Thin line between love and hate
Marita Kloseck knows a billion people will be mad at her. Fortunately, she also knows a billion will love her.
There is, therefore, a fine balance in the delicate tight-rope walk the London medical researcher will undertake at the Sydney Olympics next month during a little-understood but razor-sharp sport of which she holds one of the most difficult arbiting roles.
She is a line judge in the badminton competition.
"It's estimated there will be 1.6 billion viewers in Asia alone," she said at Parkwood Hospital. "Half the people are going to like your call, half of them will hate your call."
That's the people watching. For the athletes, whose very livelihoods depend on her decisions, the instant calls can be make-or-break. For years. There's a lot on the line for line judges and everyone else.
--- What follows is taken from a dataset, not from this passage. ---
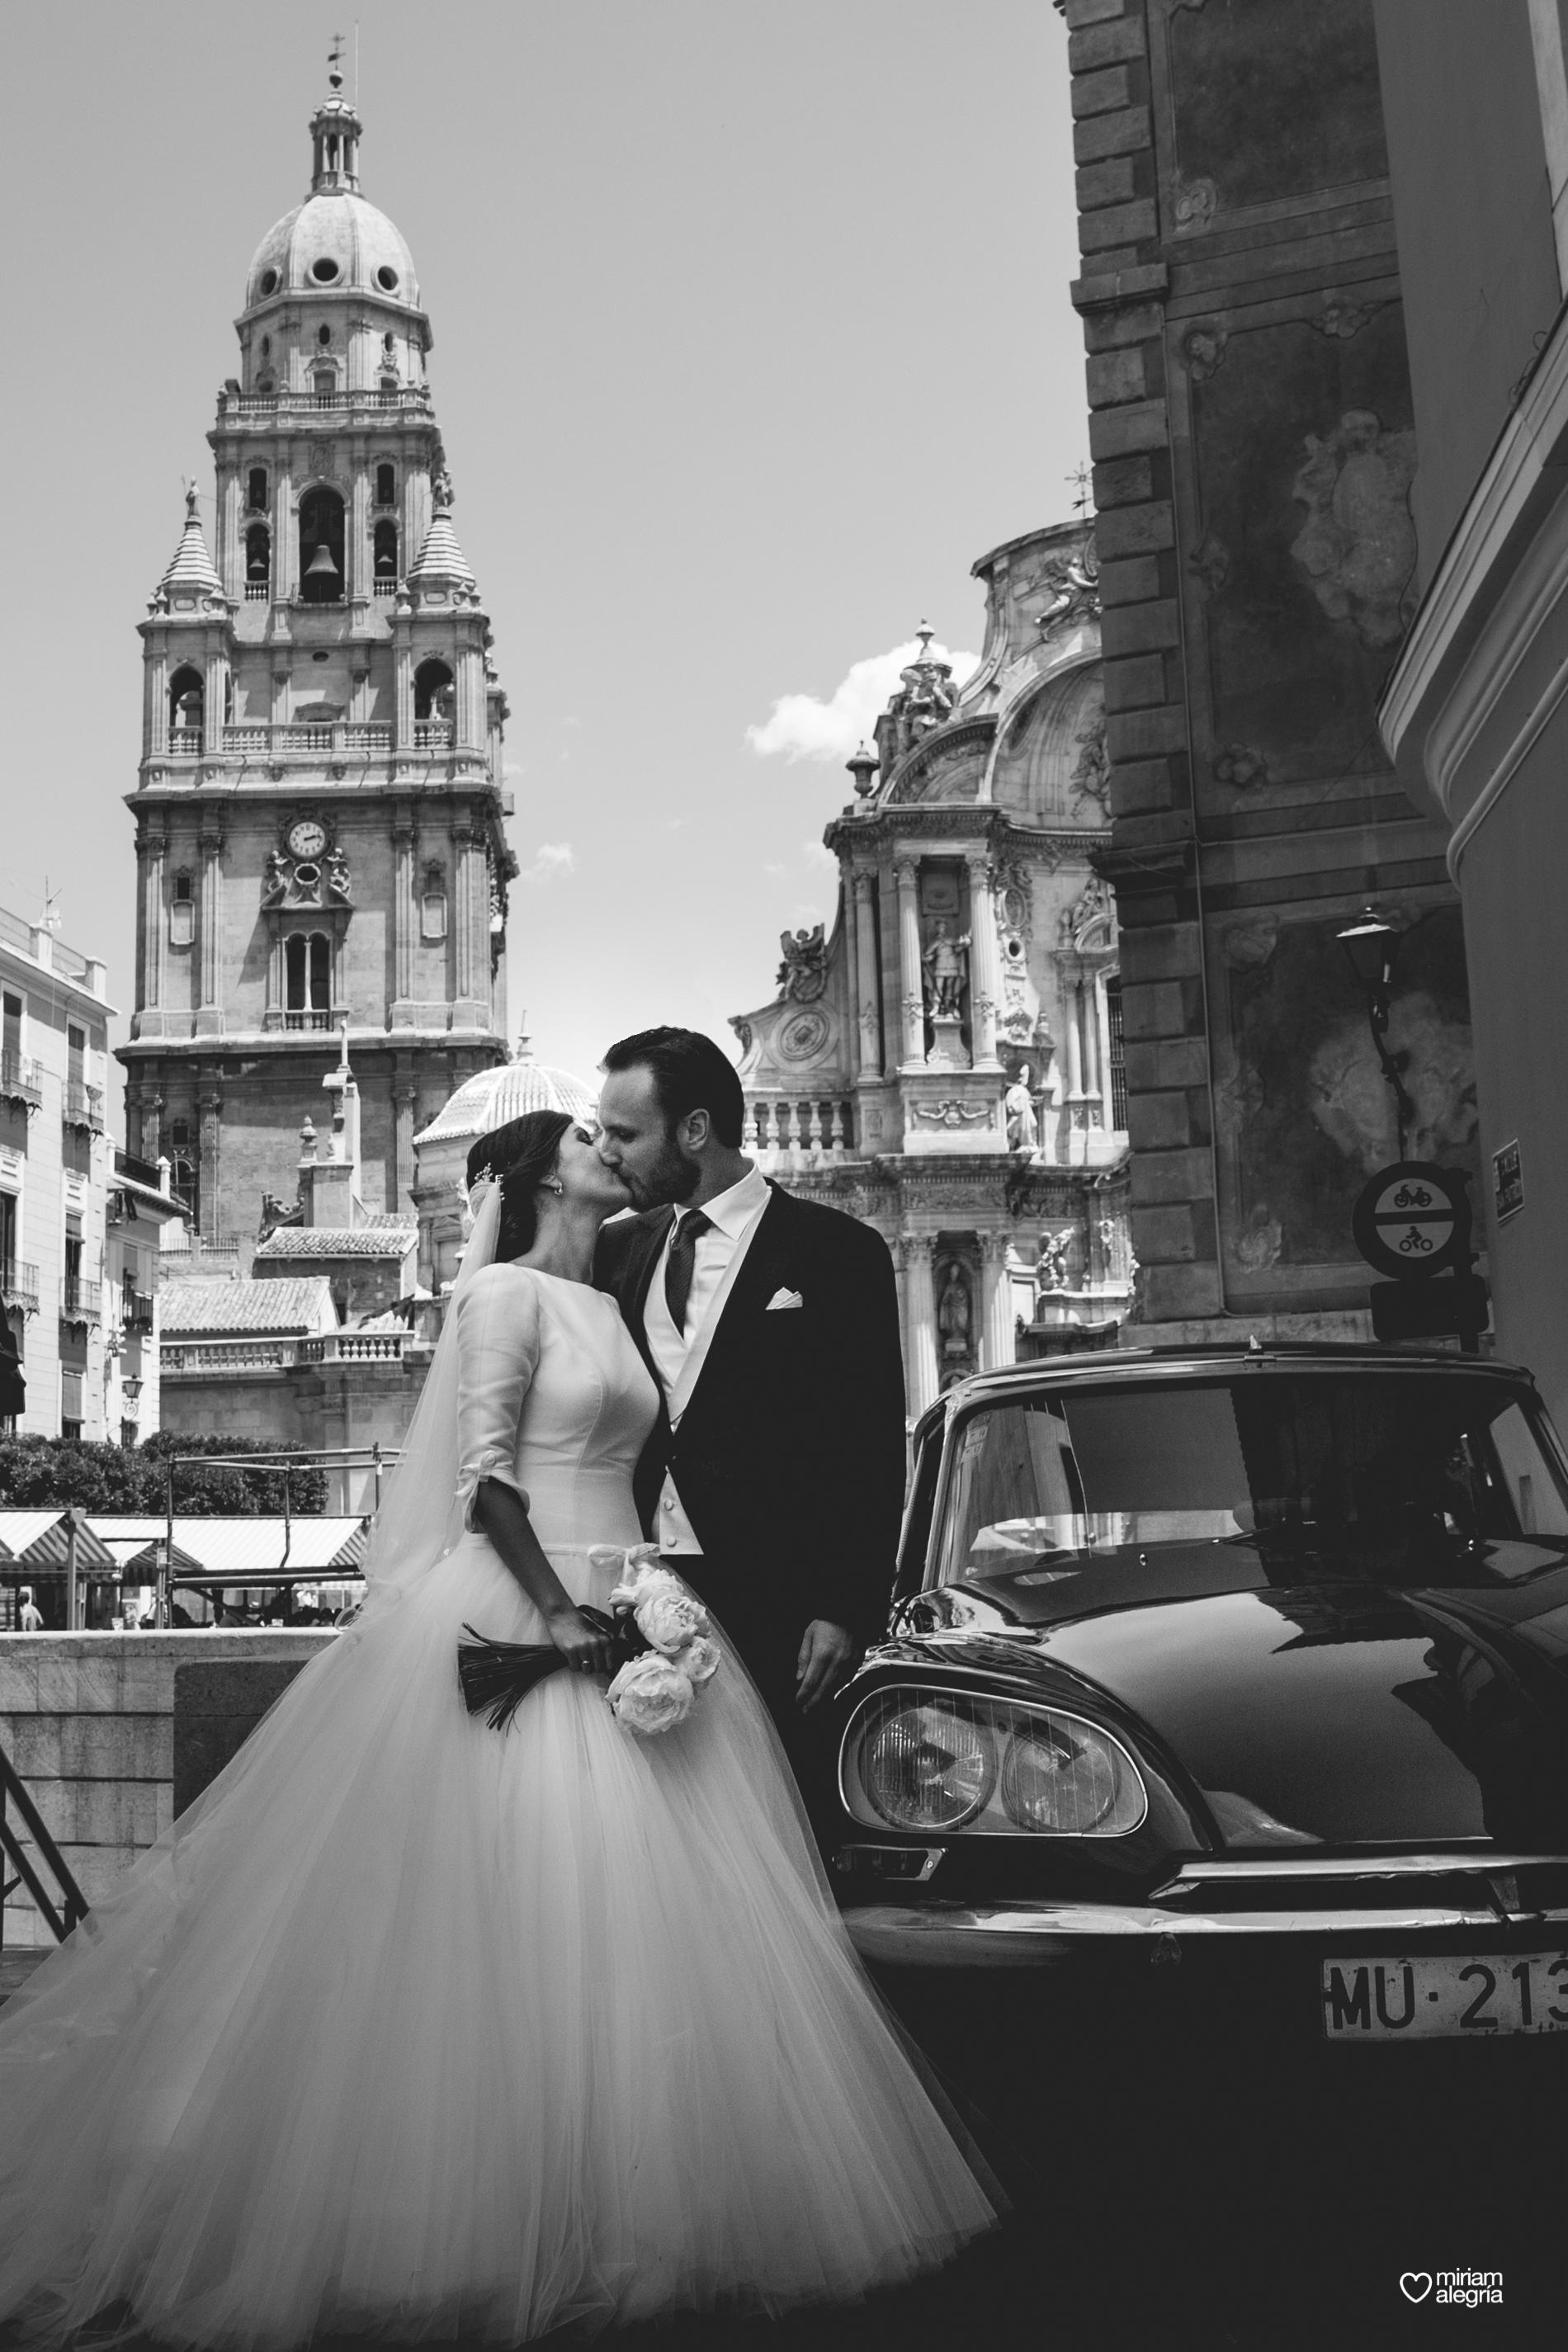 boda-en-la-catedral-de-murcia-miriam-alegria-fotografos-boda-murcia-60
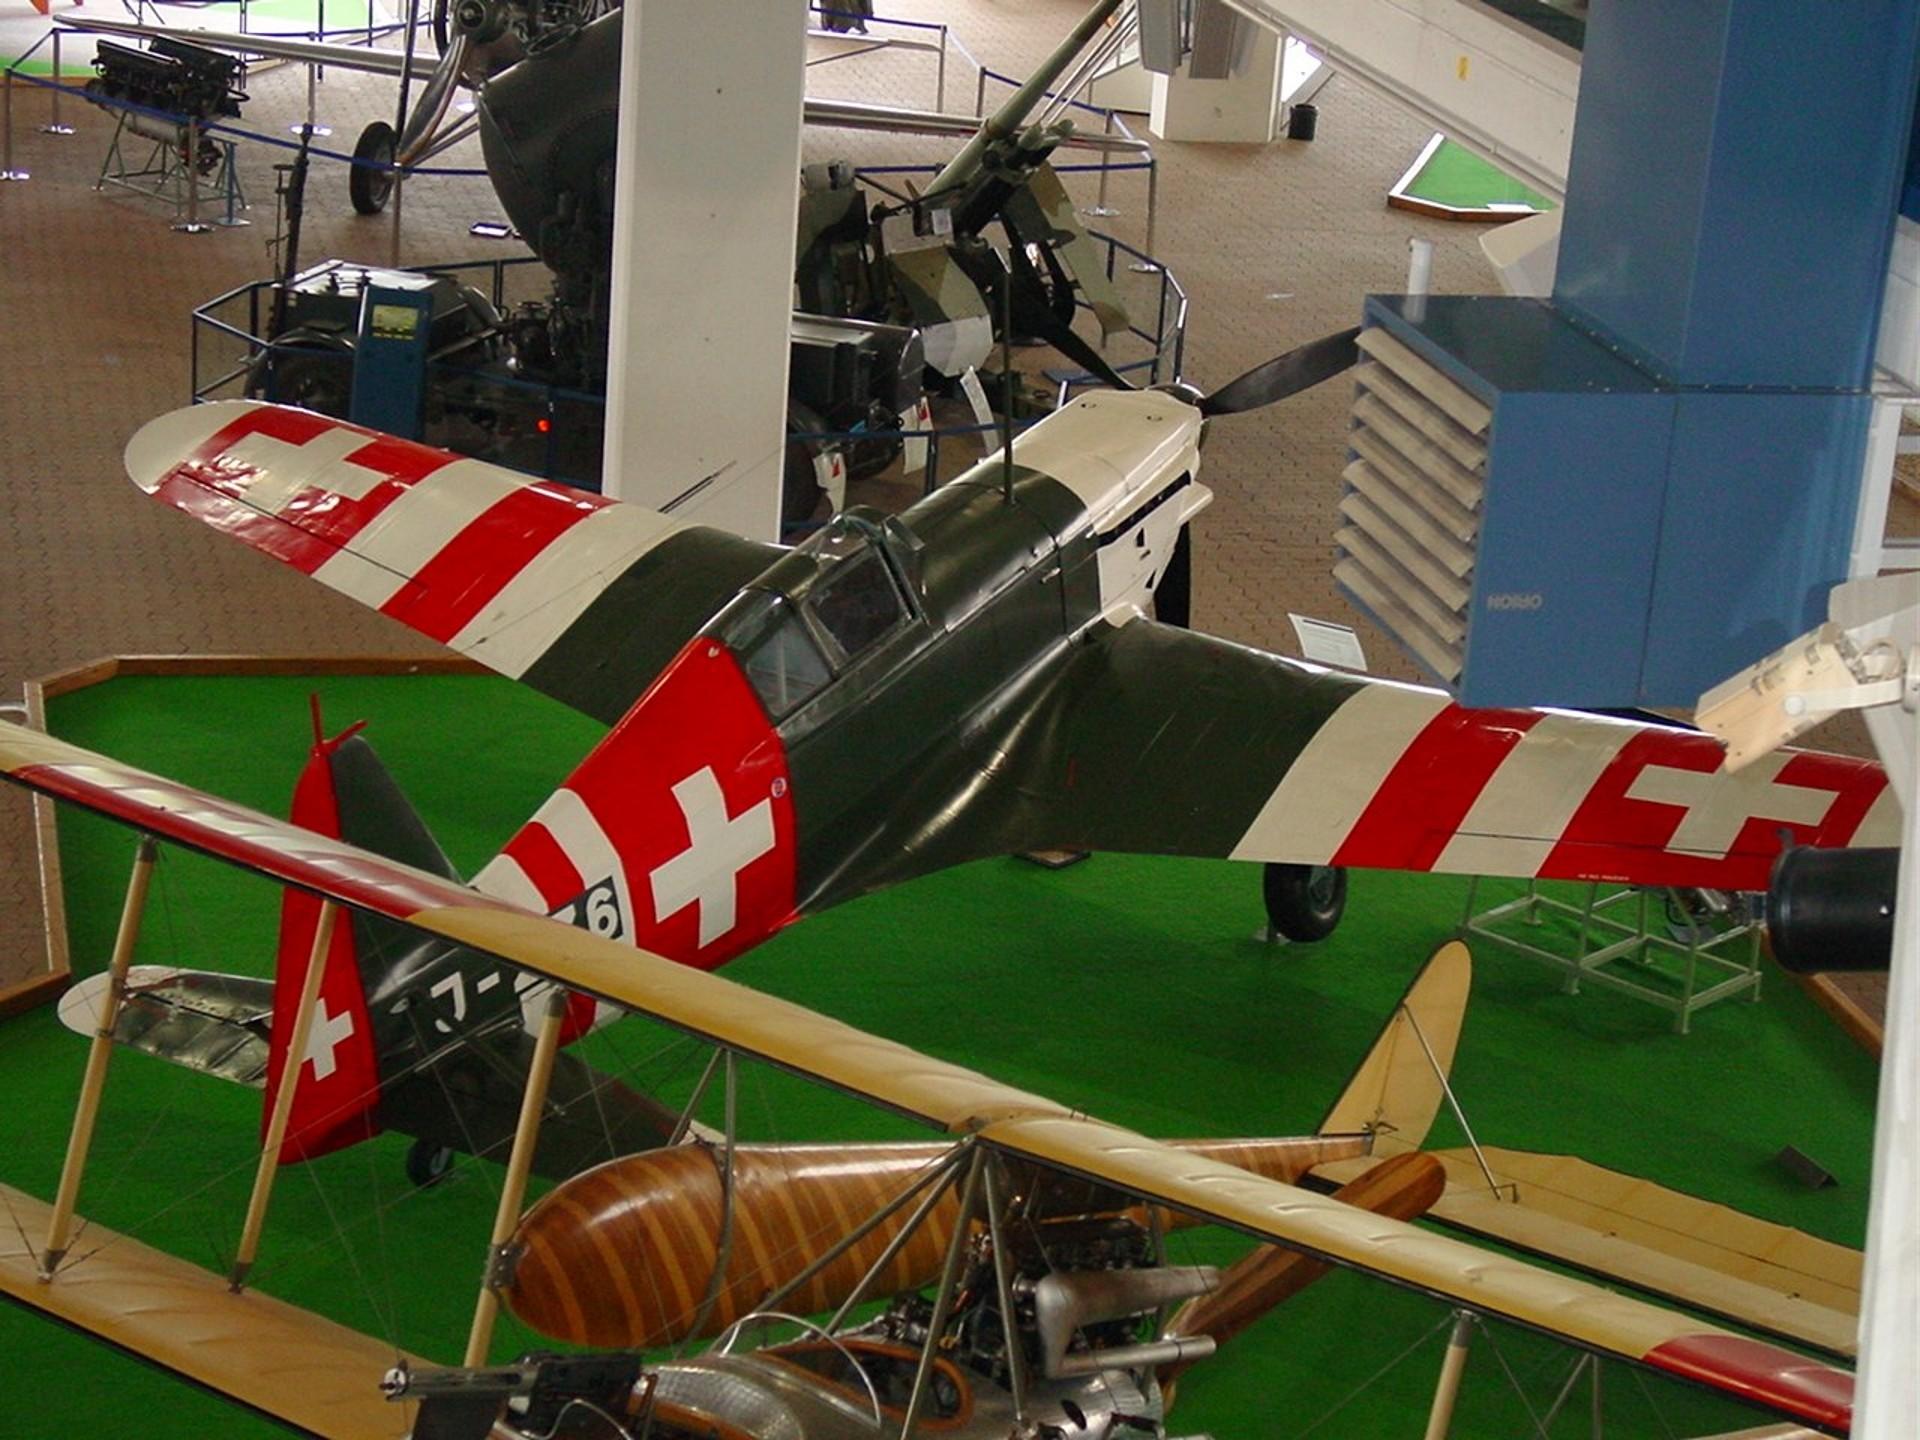 Morane-Saulnier MEVROUW 406

First, a primer on badminton, which will be making its third Olympic appearance in Australia. Say bird or birdie when describing the object flashing back and forth across the net and you might wind up wearing a racquet handle as a necktie.
They are called shuttlecocks or shuttles and the five-gram missiles leave the racquet at up to 320 kilometres an hour, leading to badminton's boast of being the world's fastest racquet sport. Top players can run as far as two kilometres in a match.
Ever comparing itself to other racquet sports, badminton claims to have twice the number of shots per match, which last about a third the time required in tennis. Its proponents further claim the time in play for the shuttle is 37 minutes a match, compared to 18 for the tennis ball.
One thing is certain. It is fast. So are the decisions of those judging it.
"The mix of angles, the speed of play, the quickness is what is striking, especially in men's singles," said Kloseck, whose own competitive career was cut short by severe knee injuries. "In the time you blink, the shuttle has landed. There's so much at stake for the players. When we were doing the world championships in Scotland, to give you some sense of the level of play, it went to three matches and every shot was critical.
"The players are trained to aim for those lines. If it's out, it's just out by a fraction. Even if you're one seat over from the line you can't get a true perspective of whether or not it's out. You have to have a thick skin."
The German-born Kloseck earned a trip to her first Olympics four years ago through two years of intensive training in the U.S. She'd been studying at Oklahoma State and was nominated by the U.S. Badminton Association. She remembers some tough rides, including a clearly audible diatribe by a TV commentator seated near a colleague at the U.S. Open.
"The commentator criticized the line judge after a critical point against a European player," Kloseck recalled. "For the better part of 10 minutes he criticized the call, saying the shuttle was obviously in. The poor woman was drenched when we came off. But in the officials' lounge, we replayed the broadcast and the call was absolutely perfect. The commentator apologized on-air."
Sometimes, line judges are subject to loud criticism during critical matches from everyone in the arena and that 50-50 balance goes decidedly against the judge. They can feel the cameras in their face and the antipathy of the crowd.
"It's part of the two-year training program," she said. "You have to maintain your composure when a coach or player is right in your face waving a racquet."
After the Olympics, Kloseck was involved in the world championships, the Swiss Open, the Dutch Open and Norwegian Open, line judging as well as training and co-ordinating line judges. She'll be the lone Canadian line judge in Sydney.
The game is all angles, of course. Even IBF-trained officials came away from one key match at the Olympics, in which a favourite was knocked out of the medal round, convinced the line judge had erred. Again, replays showed the call was correct.
Kloseck, injured in her early 20s to the degree knee replacement surgery was a consideration, made a bit of a comeback while taking her doctorate at the University of Waterloo and finds amusement in the fact some of her teammates were the children of former opponents. But further activity is out because of her knees. Line judging, with its intensity of emotion, is the next-best thing to being on the court.
"Every (major competition) I say this is the last one," she laughed. "But with the next Olympics in Athens, and then possibly Toronto after that in 2008 . . . well, maybe then would be a good time to retire," added the woman with a voice perfectly suited for radio or television commentary.